As we will see, the real pulse was that of the underdog and the white working class. Or at least so the conventional narrative goes, since it remains to be seen whether Trumpland will see factory workers making large American cars again and whether the grandchildren of Kentish publicans will take back the real English ale taps from the Poles and Czechs.
Not in Iceland, though, where following remarkable elections in the wake of the Panama Papers’s revelations, the Pirate Party, with their unique mode of populist appeal, was invited to form government but couldn’t manage it. So the conservatives are back in power notwithstanding that the Prime Minister was the most prominent scalp of the Papers. Bet you didn’t know that Birgitta Jonsdottir who would be its leader if the Pirate Party had a leader used to live in Forest Hill but quit Australia in light of the indignities associated with the application for citizenship.

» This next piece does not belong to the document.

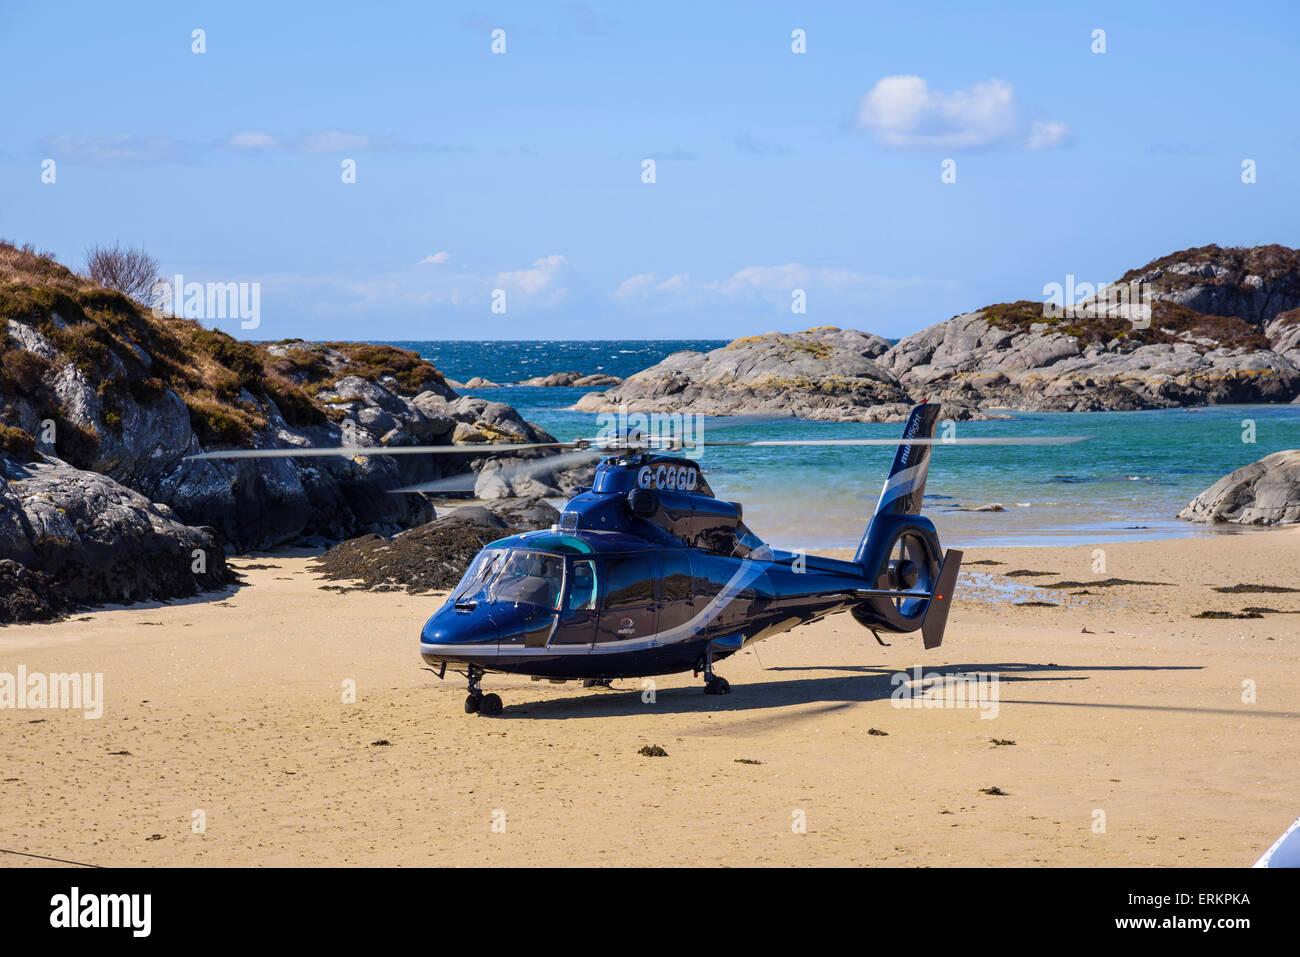 Helicopter landing on Ardtoe beach, Ardnamurchan Peninsula, Lochaber, Highlands, Scotland - Stock Image
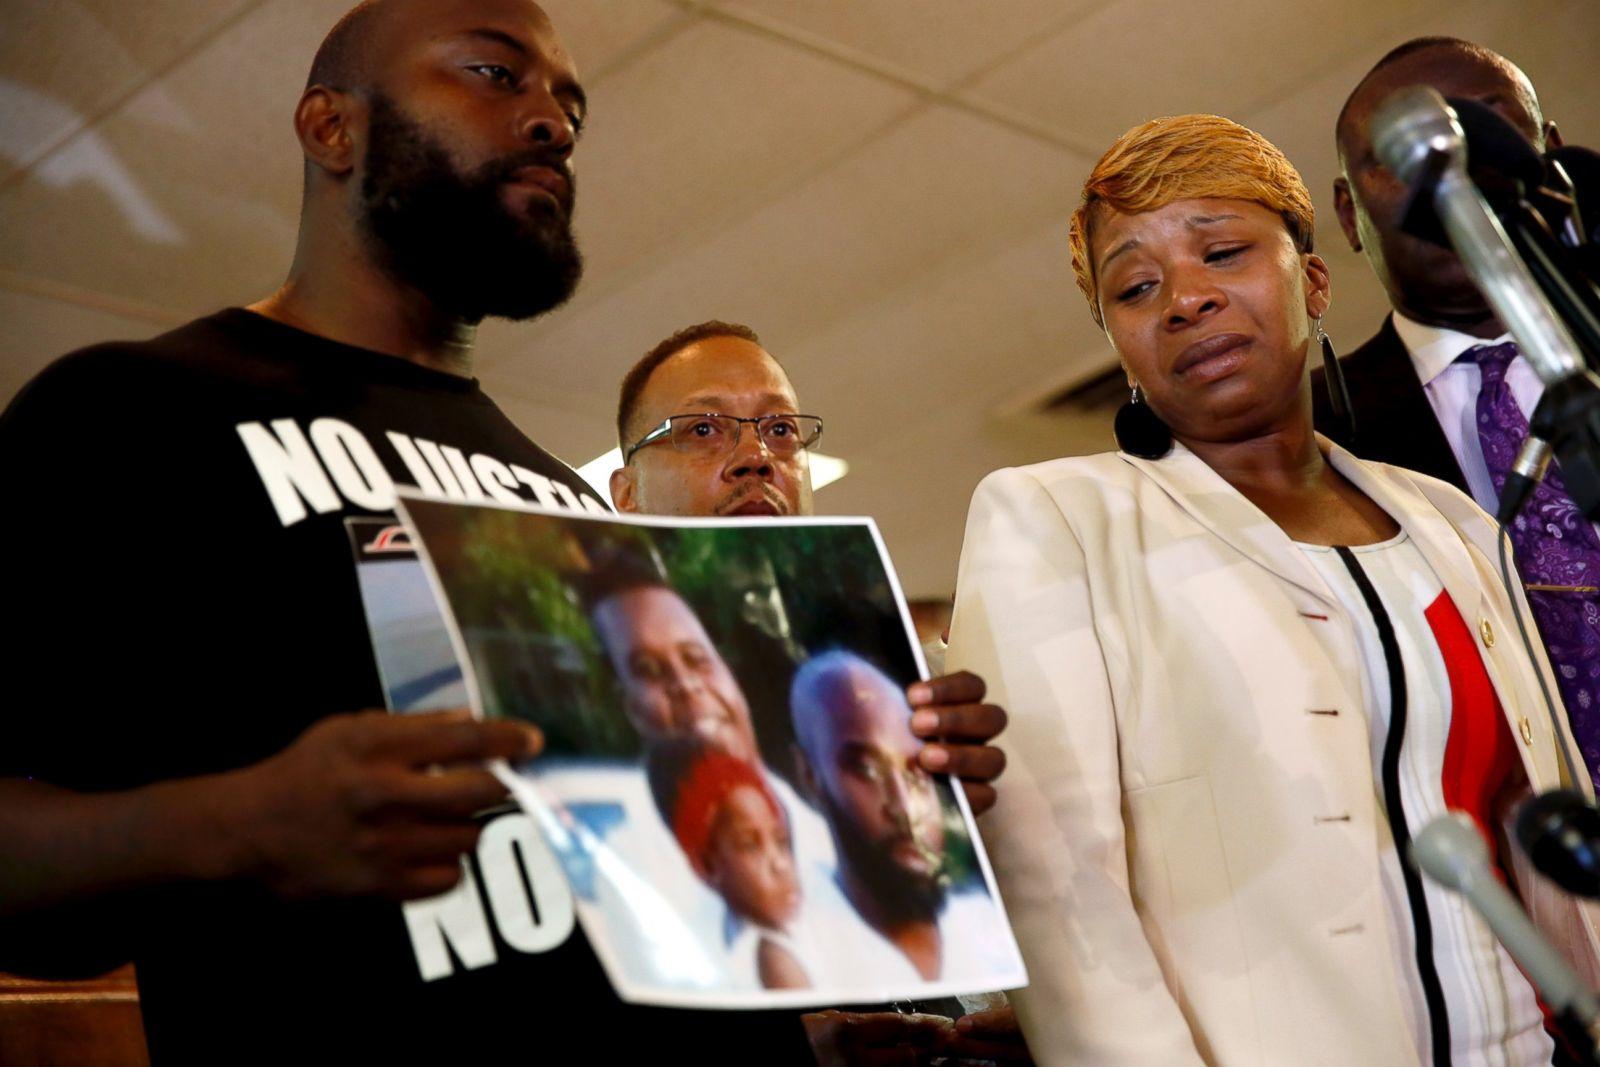 How Ferguson Reacted When Michael Brown Was Shot Photos - ABC News

The Panama Papers were interesting: nothing like 11.5 million privileged documents of a law firm with lots of clients in tax havens to excite the Australian Professional Liability Blog. We learnt that Bashar al-Assad probably funded his war against his own people by having Mossack Fonseca set up up front companies in the Seychelles through which international sanctions were evaded. And that he purchased £6million worth of luxury London real estate while his people endured one of the agonies of the millennium.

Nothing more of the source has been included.